BACKGROUND: Post-infectious irritable bowel syndrome (PI-IBS) is generally regarded as a functional disease. Several recent studies have reported the involvement of low-grade inflammation and immunological dysfunction in PI-IBS. T helper 17 (Th17) polarization occurs in IBS. Adenosine and its receptors participate in intestinal inflammation and immune regulation. AIM: To investigate the role of Th17 polarization of CD4+ T cells regulated by adenosine 2A receptor (A2AR) in PI-IBS. METHODS: A PI-IBS model was established by infecting mice with Trichinella spiralis. The intestinal A2AR and CD4+ T lymphocytes were detected by immunohistochemistry, and the inflammatory cytokines were detected by enzyme-linked immunoassay. CD4+ T lymphocytes present in the animal's spleen were separated and cultured with or without A2AR agonist and antagonist. Western blotting and real-time quantitative polymerase chain reaction were performed to determine the effect of A2AR on the cells and intestinal tissue. Cytokine production was determined. The protein and mRNA levels of A2AR associated signaling pathway molecules were also evaluated.

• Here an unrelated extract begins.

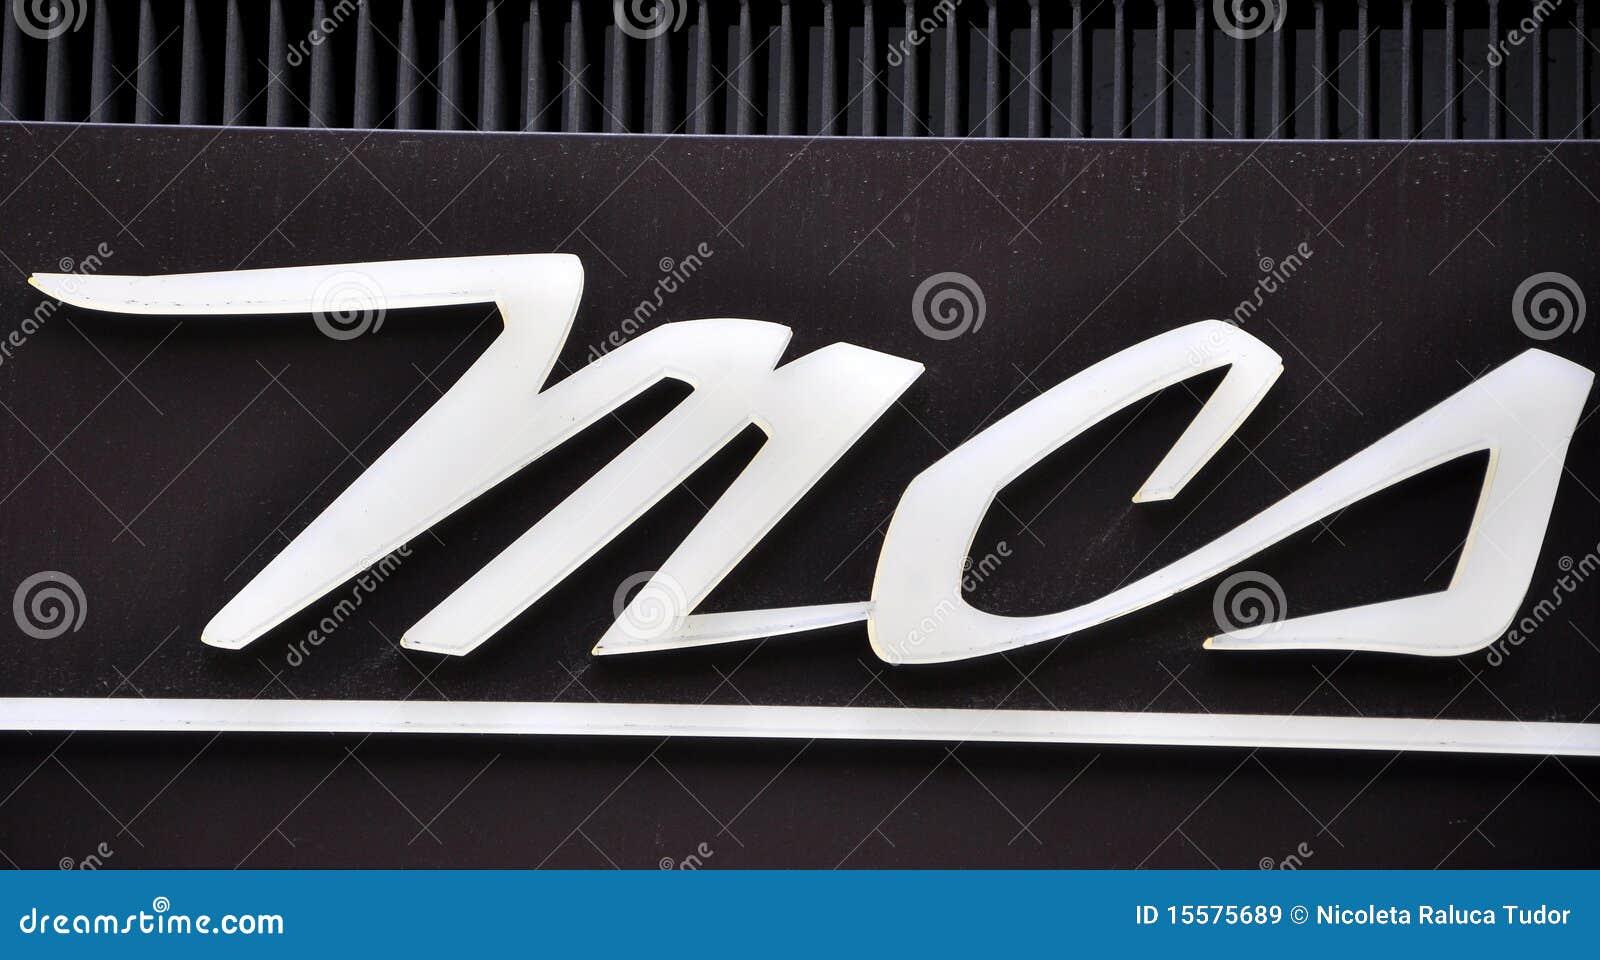 Fashion brand logo, Marlboro Classics brand name

Furthermore, A2AR agonist and antagonist were injected into the mouse model and the clinical features were observed. RESULTS: The PI-IBS mouse model showed increased expression of ATP and A2AR (P < 0.05), and inhibition of A2AR improved the clinical features in PI-IBS, including the abdominal withdrawal reflex and colon transportation test (P < 0.05). The number of intestinal CD4+ T cells and interleukin-17 (IL-17) protein levels increased during PI-IBS, which was reversed by administration of the A2AR antagonist (P < 0.05). CD4+ T cells expressed A2AR and produced IL-17 in vitro, which was regulated by the A2AR agonist and antagonist. The A2AR antagonist increased the production of IL-17 by CD4+ T cells via the Janus kinase-signal transducer and activator of transcription-receptor-related orphan receptor γ signaling pathway. CONCLUSION: The results of the present study suggested that the upregulation of A2AR increases PI-IBS by promoting the Th17 polarization of CD4+ T cells.